Record set:
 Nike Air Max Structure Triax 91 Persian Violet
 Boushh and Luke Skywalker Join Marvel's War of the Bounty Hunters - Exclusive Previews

==

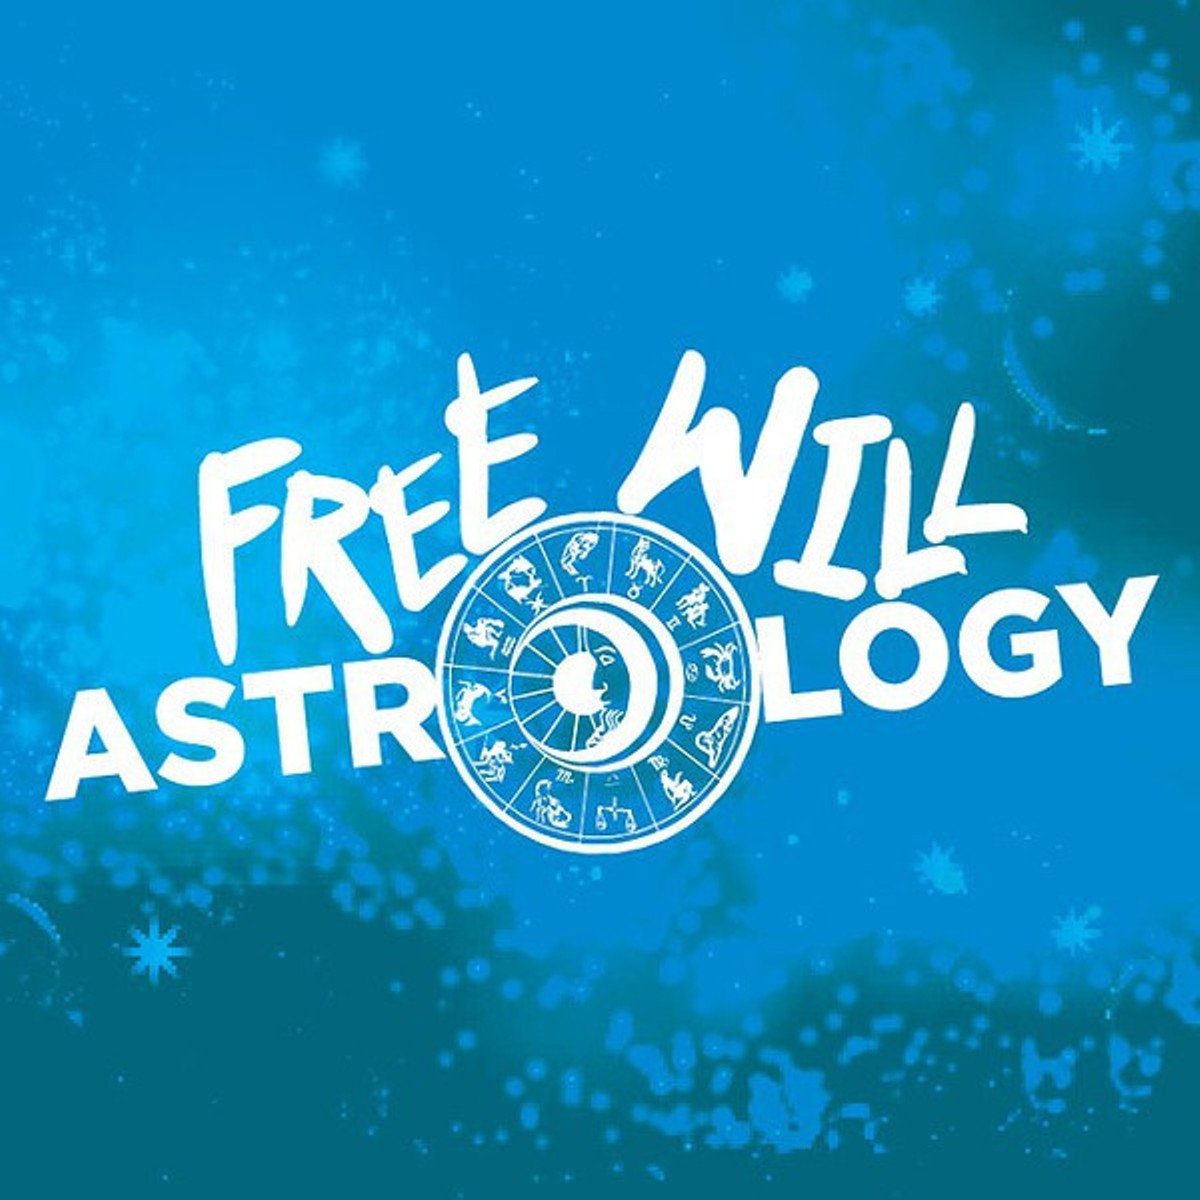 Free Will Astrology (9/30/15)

--

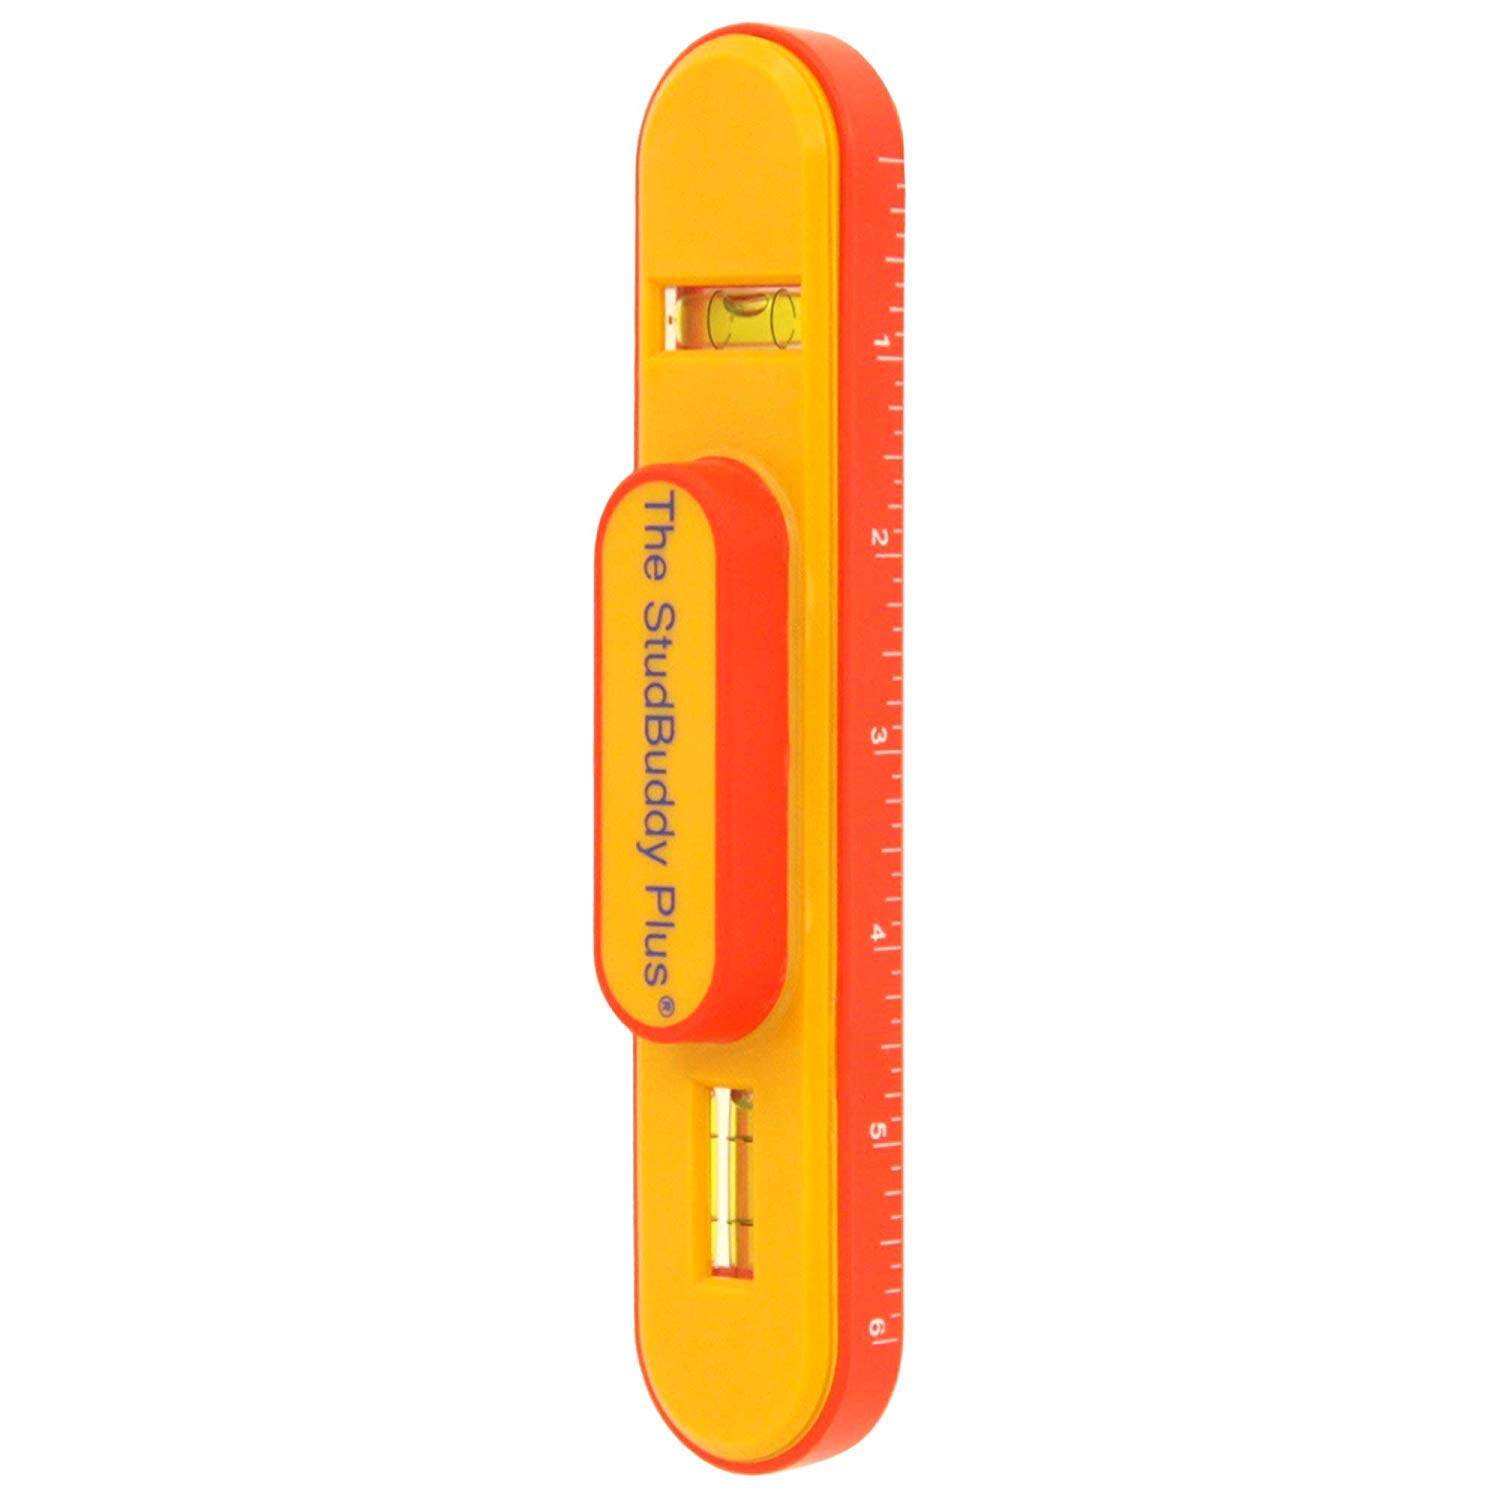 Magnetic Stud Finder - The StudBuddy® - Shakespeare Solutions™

Work instructions:
Beginning with the line above that contains "Nike Air Max", copy each line exactly up to and including the line that contains "Boushh and Luke", and go no further.

Answer:
 Nike Air Max Structure Triax 91 Persian Violet
 Boushh and Luke Skywalker Join Marvel's War of the Bounty Hunters - Exclusive Previews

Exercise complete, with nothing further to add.